Mice models have also been used to study this phenomenon. For example, the offspring of transgenic mice containing the p53 mutant A135V that were crossed to p53+/– mice developed a higher incidence of tumours compared with p53+/– mice without the transgene, highlighting the DN effects of the exogenous mutant p53 over the endogenous wild-type one (Harvey et al., 1995). In addition, recent studies using `knock-in' mice that express physiologically relevant levels of the mutant protein rather than causing its overexpression demonstrated that the mice expressing one allele of the mutant R172H, the human R175H equivalent, had increased rates of metastasis compared with p53+/– mice, although both had a similar tumour spectrum and survival curve, suggesting that the mutant allele has DN effects (Lang et al., 2004).

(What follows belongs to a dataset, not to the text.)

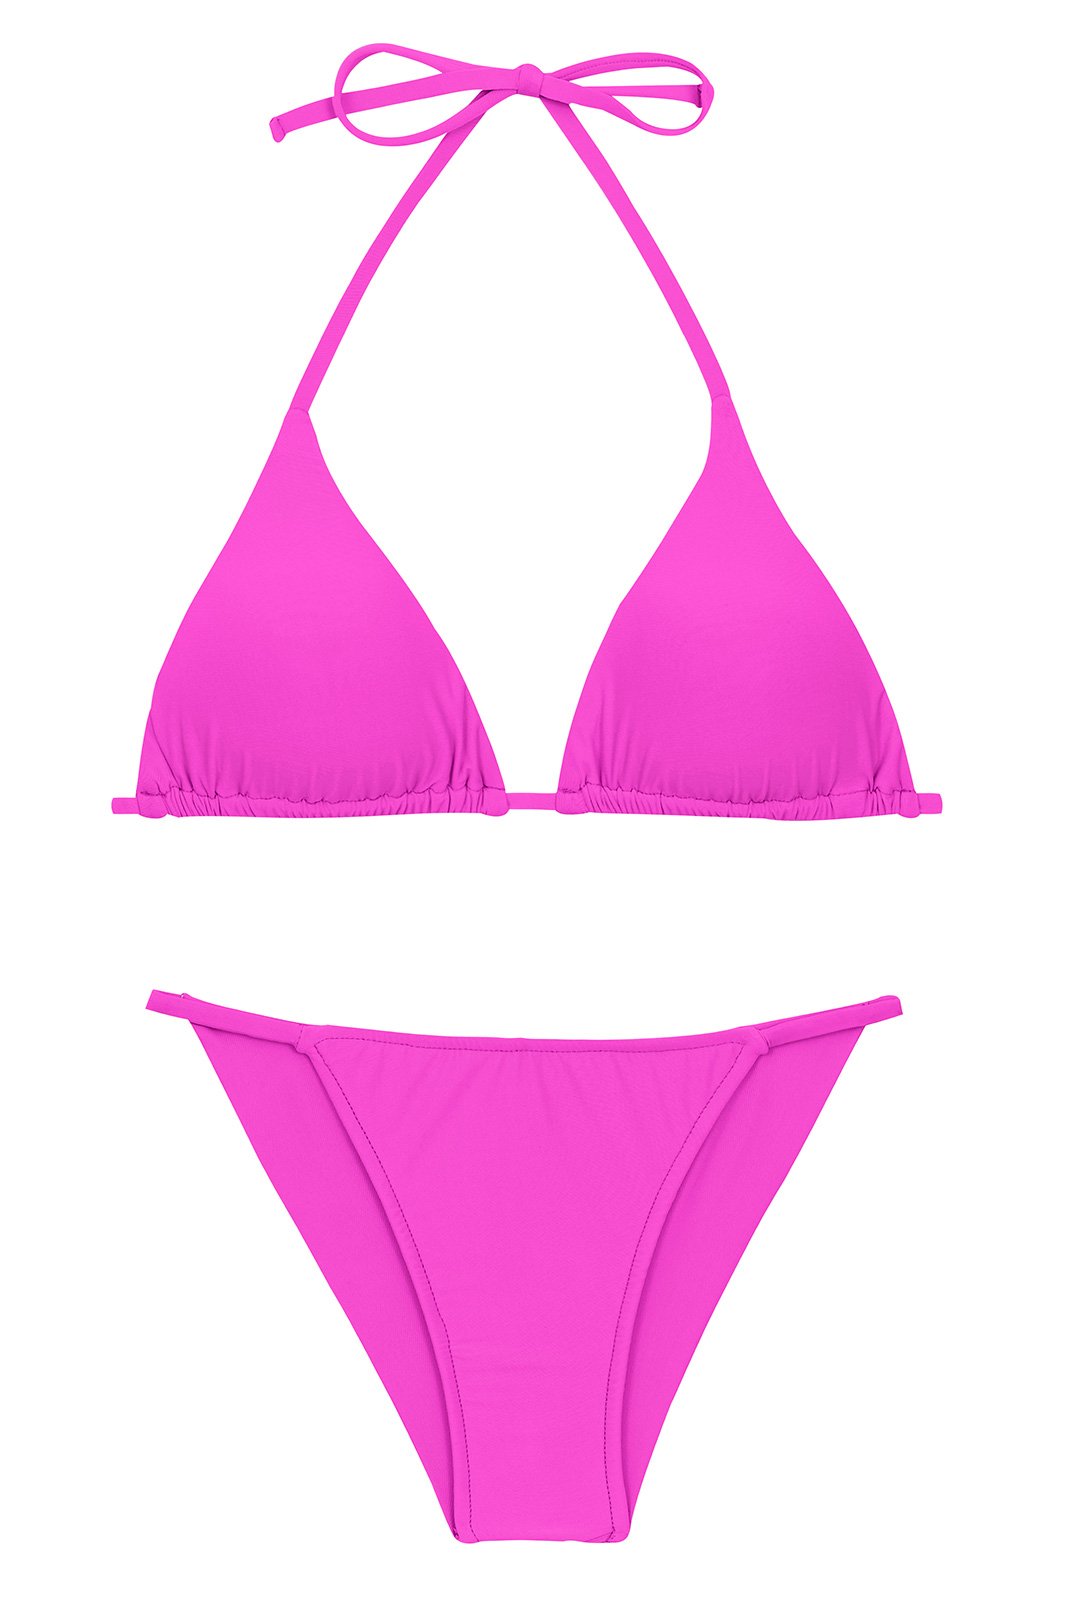 Magenta Pink Cheeky Brazilian Bikini With Slim Sides Set Uv Pink Tri Inv Cheeky Fixa Rio De Sol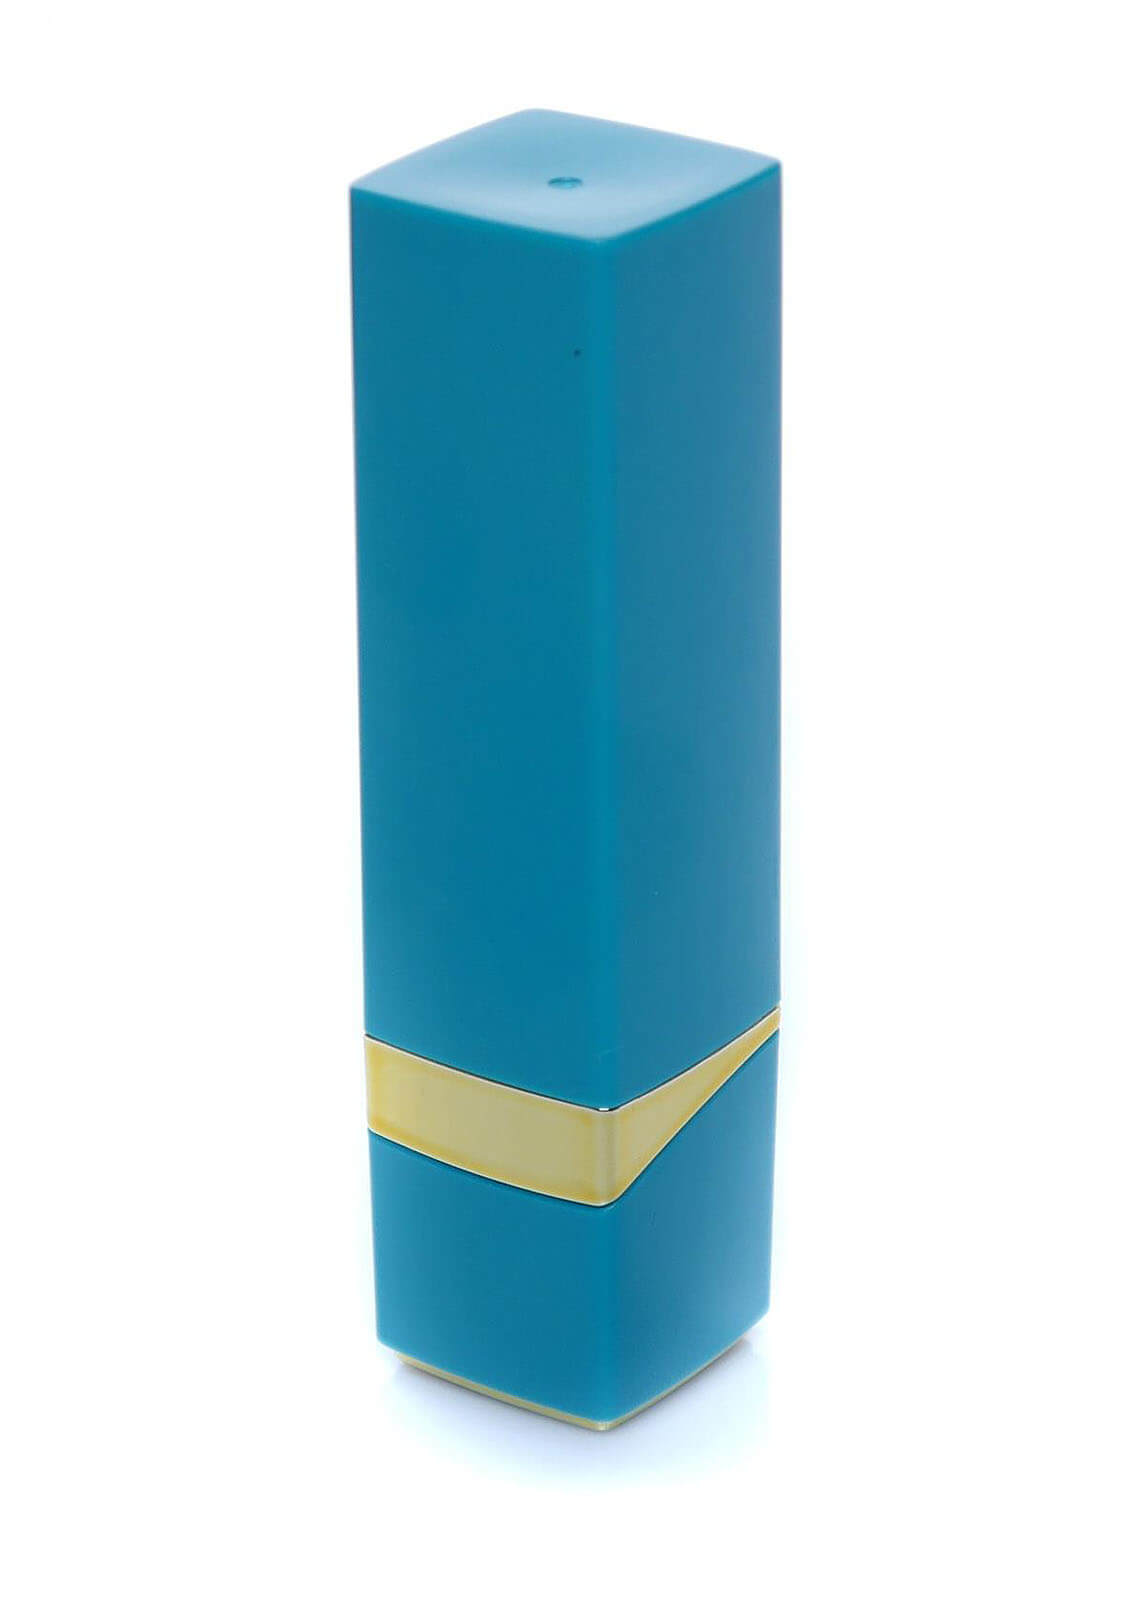 Boss Series Lipstick Vibrator (Blue)

However, this mutant was not observed as having effective DN properties to promote K-ras-initiated lung adenocarcinomas, in contrast to another hot-spot mutant, R270H, the mouse equivalent of the human R273H mutation, which displayed partial DN activity in this context (Jackson et al., 2005). However, LOH was observed in tumours from both knock-in mice, indicative of residual tumour-suppressive function conferred by the remaining wild-type allele of p53 (Jackson et al., 2005; Lang et al., 2004). Nonetheless, in other cellular contexts, the R270H mutant displayed stronger DN properties: epithelial-specific expression of R270H in the heterozygote state results in an increased incidence of spontaneous and ultraviolet (UV)B-induced skin tumours, affecting latency, multiplicity and progression, although this was not the case with respect to spontaneous tumours in mice expressing the mutant p53 in all tissues (Wijnhoven et al., 2007). Moreover, DN effects were seen in embryonic stem (ES) cells heterozygous for R270H and in primary cells derived from p53+/R270H and p53+/R172H mice (de Vries et al., 2002), suggesting that the DN effects might be cell-type and even signal specific.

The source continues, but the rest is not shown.